姿勢を探る、譲歩を引き出す、けん制する、ハッタリ、質問から逃げる、条件を棚上げする、代案でこちらのペースに引き込む、など。
本書で学ぶ表現をいくつか見てみよう。
(「スマートに探りを入れる」の章)
What do you think about your offer?
貴社のオファーについて、ご自身はどうお考えですか?
↑相手の本心を探る上で、実にスマートな表現。日本語の交渉でも使える。
(「希望価格を探り出す」の章)
I know it’s tough for you but what if we ask you to be a little bit flexible in your pricing?
難しいお願いだとは思いますが、価格面で弾力的に対応していただけませんか?
↑単に値切ったり、こちらから価格を提示せず、婉曲的に探りを入れている。
(「けん制で流れを有利にする」の章)
That’s your wishful thinking. You’d better remember that we have so many possible buyers.
そりゃ考えが甘いよ。ほかにも買い手は大勢いるんだよ。
↑「買い手は大勢いる」はけん制の定番。
(「予想外の質問をかわす」の章)
Off the top of my head, I believe it was 300 dollars per piece.
うろ覚えですが、あれは1個あたり300ドルだったと思います。
↑質問されて「わかりません」と言えない状況は多い。うろ覚えですが、当てずっぽうですが、といった予防線を張る表現も知っておきたい。
(「ここだけの話をちらつかせる」の章)
This is for your ears only.
あなたの耳にだけ入れておきます。
↑「ここだけの秘密」はベタだけど効果的。
なお、上記では表現だけを引用したが、本書では解説の中に英語表現を混ぜてあるので、読み物として楽しめるようになっている。もともとJETROのメルマガだったという。
相手の駆け引きを見抜く
駆け引きの英語は、自分が使うための表現にとどまらない。相手の駆け引きを見抜くのに役立つはずだ。

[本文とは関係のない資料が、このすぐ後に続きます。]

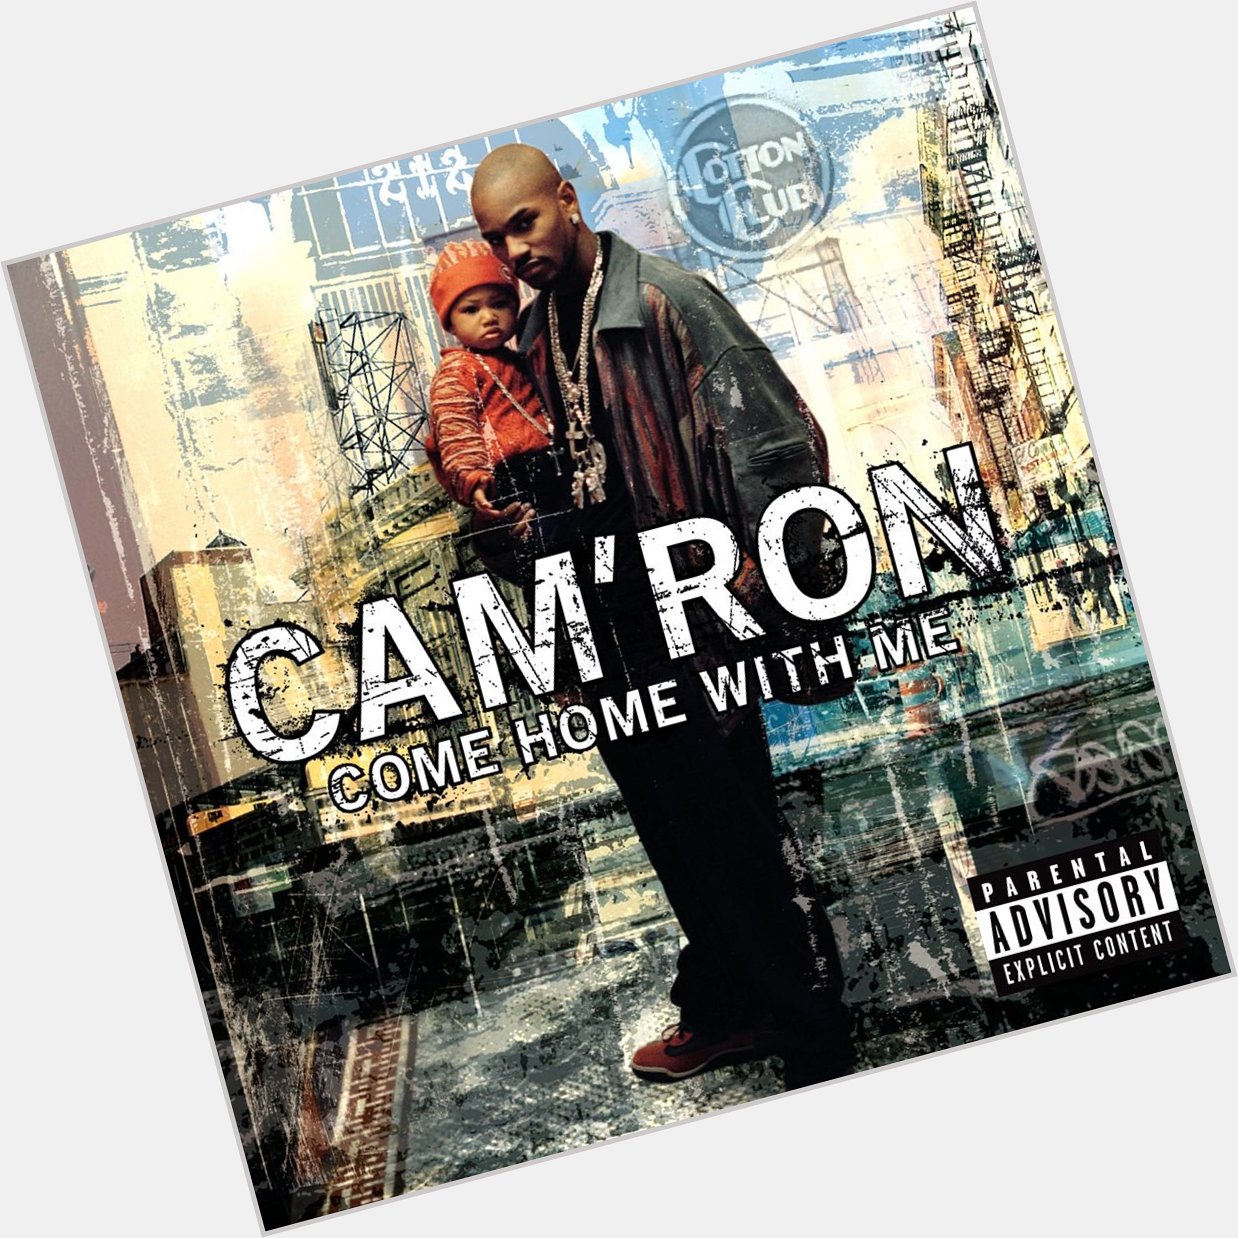 A Happy Birthday to Cam\ron, born this day 1976. Explore +350 samples, covers and remixes:

“This is for your ears only. 「ここだけの話」” と真顔で言われたときに、日本語だったら真に受ける人はいないだろう。しかし、英語(外国語)だとなぜか警戒心が働かないことがありえる。
日本人はビジネス交渉でカモにされることが多いというが、日本語だったらタフな交渉ができる人でも、英語になった途端にナイーブになっていないだろうか。
本書を読んでおけば、その表現が出てきたときに「ここだけの話をちらつかせて、交渉を有利にしたいんだな」とすぐにわかる。相手の思惑を推し量る点でも、本書は役立つことだろう。